Radiolabeling of TPGS micelles by the direct method resulted in high yields since less than 5% of the activity was associated with free pertechnetate (99mTcO4) in all experiments. Paper chromatography results, using saline as a mobile phase, revealed more than 98% of the activity at the origin. So, colloidal impurities, hydrolyzed and reduced 99mTcO4, were not resolved by this technique. The use of SnCl2 as the reducing agent led to the formation of a 99mTc colloidal impurity, extensively reported for 99mTc radiolabeling protocols by the direct method [22]. DLS analysis allowed us to evaluate the presence of that impurity. A second population was found in the reaction product sample assessed by DLS (Figure 1(a) (ii) compared to Figure 1(a) (i)). Population identity was confirmed by performing an alternative radiolabeling protocol, in absence of ligand (colloidal formation is highly favored in this reaction conditions). This radiolabeling product was also analyzed by DLS as it is shown in Figure 1(a) (iii): a colloidal/particulate structure was found, and it could be assigned to radioactive impurity by its size (600 nm) as it matches the second population size found in 99mTc-radiolabeled TPGS micelles sample. Since colloidal impurity showed a hydrodynamic diameter significantly higher than 99mTc-radiolabeled TPGS micelles, separation by filtration (0.22 μm methyl cellulose esters, Merck, Germany) was possible.
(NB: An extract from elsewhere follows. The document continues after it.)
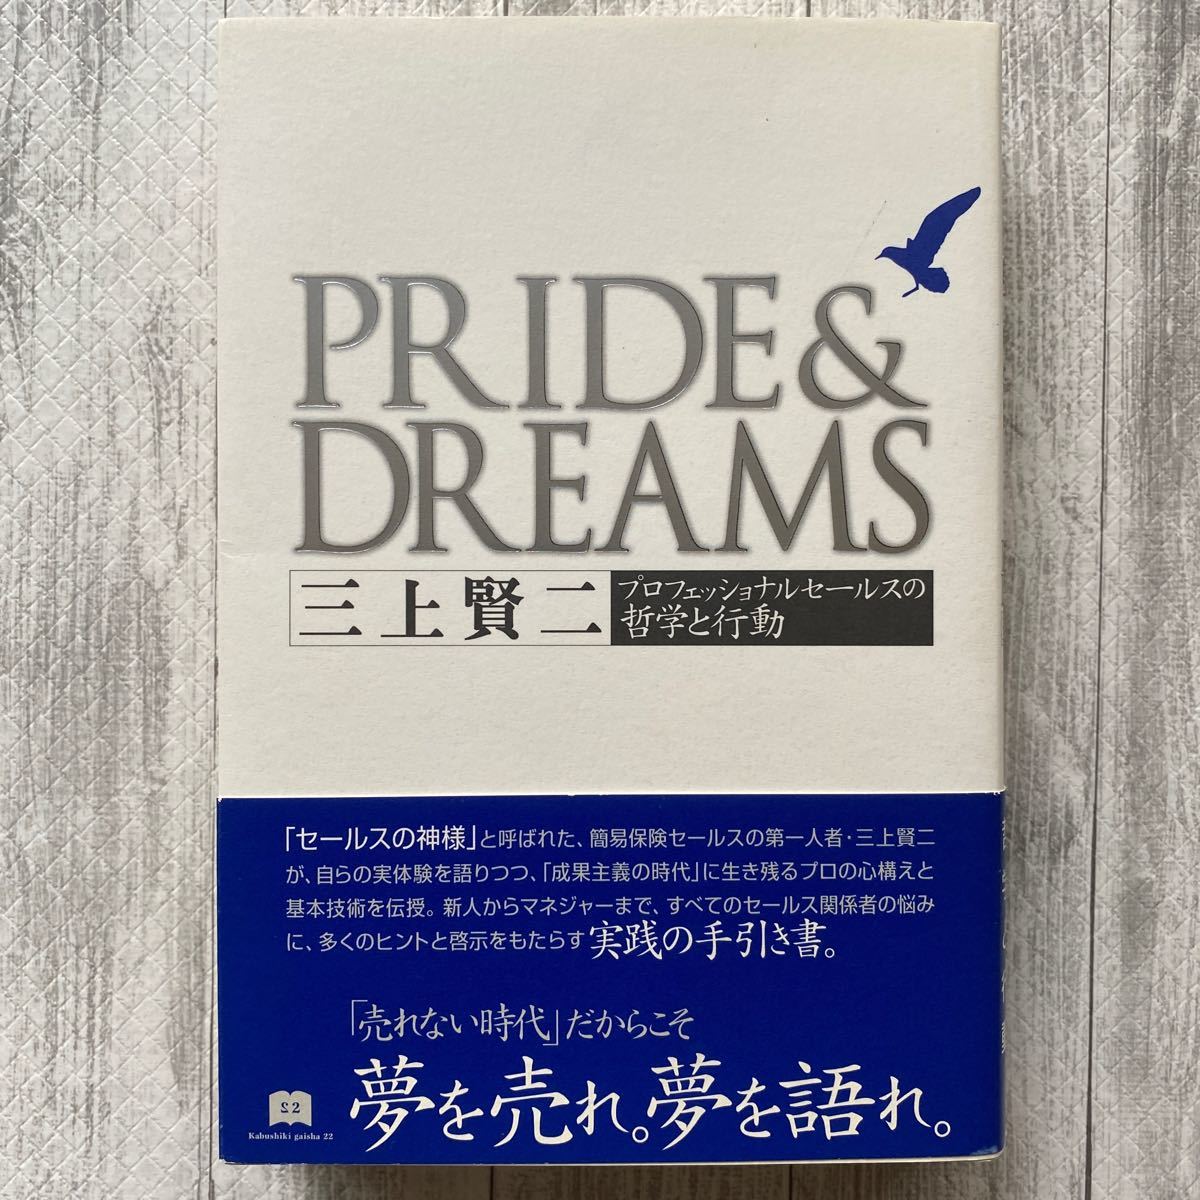 Pride & dreams プロフェッショナルセールスの哲学と行動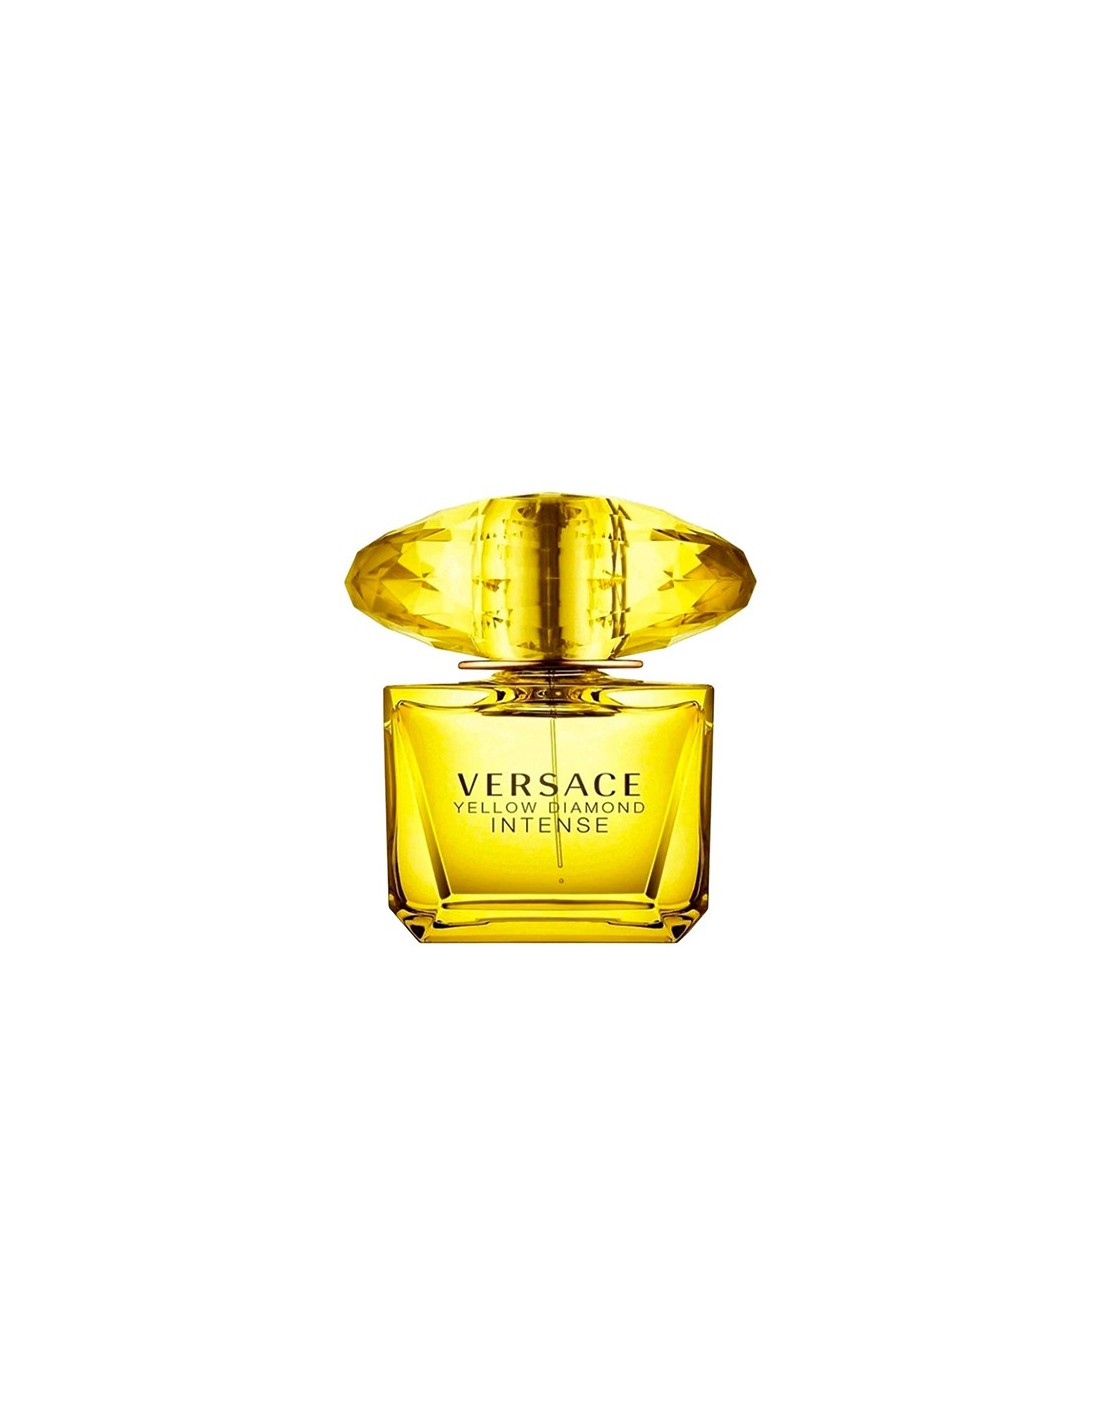 Versace Yellow Diamond Intense 90 ml eau de parfum

Filtrated and retained radioactivity was measured for both radiolabeling protocols: (i) TPGS radiolabeling with 99mTc and (ii) 99mTc radioactive colloid favoring radiolabeling conditions. Filtration results are shown in Table 1. Almost half the radioactivity was associated with colloidal impurity, which was retained in the filter. Moreover, TPGS nanosized micelles were conserved and retained their radiolabel after filtration, as it can be concluded by results shown in Figure 1(a) (iv) and Table 1. Finally, 99mTc-radiolabeled TPGS micelles were characterized regarding size and morphology by DLS and TEM imaging showing spherical structures with an average diameter of 9.58 nm and polydispersion index of 0.09 at 25°C (Figure 1(a) (iv) and Figure 1(b)). Zeta potential resulted in a −0.217 ± 1.54 mV at 25°C, as well.

TPGS radiolabeling with 99mTcRadiolabeling with 99mTc in colloidal radioactive
impurity favoring conditions

% filtered activity44 ± 40.7 ± 0.2

Results are expressed as the percentage of the initial activity that was measured in the filtrated fraction (filtered activity/initial activity  100). The mean ± SD of three independent radiolabeling reactions is shown.
3.2. Breast Cancer Animal Model of 4T1 Cell Line Yielded Negative Imaging Results for 99mTc-Radiolabeled TPGS Micelles and 99mTc-Sestamibi

Cellular uptake of 99mTc-radiolabeled TPGS micelles was assessed in 4T1 murine breast cancer cell line. Accumulation of this radioactive probe in the cellular fraction was not significant. However, routinely available and commercial 99mTc-sestamibi was also evaluated and resulted in less than 1% of the activity accumulated in 4T1 cells. In vitro results can be seen in Figure 2(a).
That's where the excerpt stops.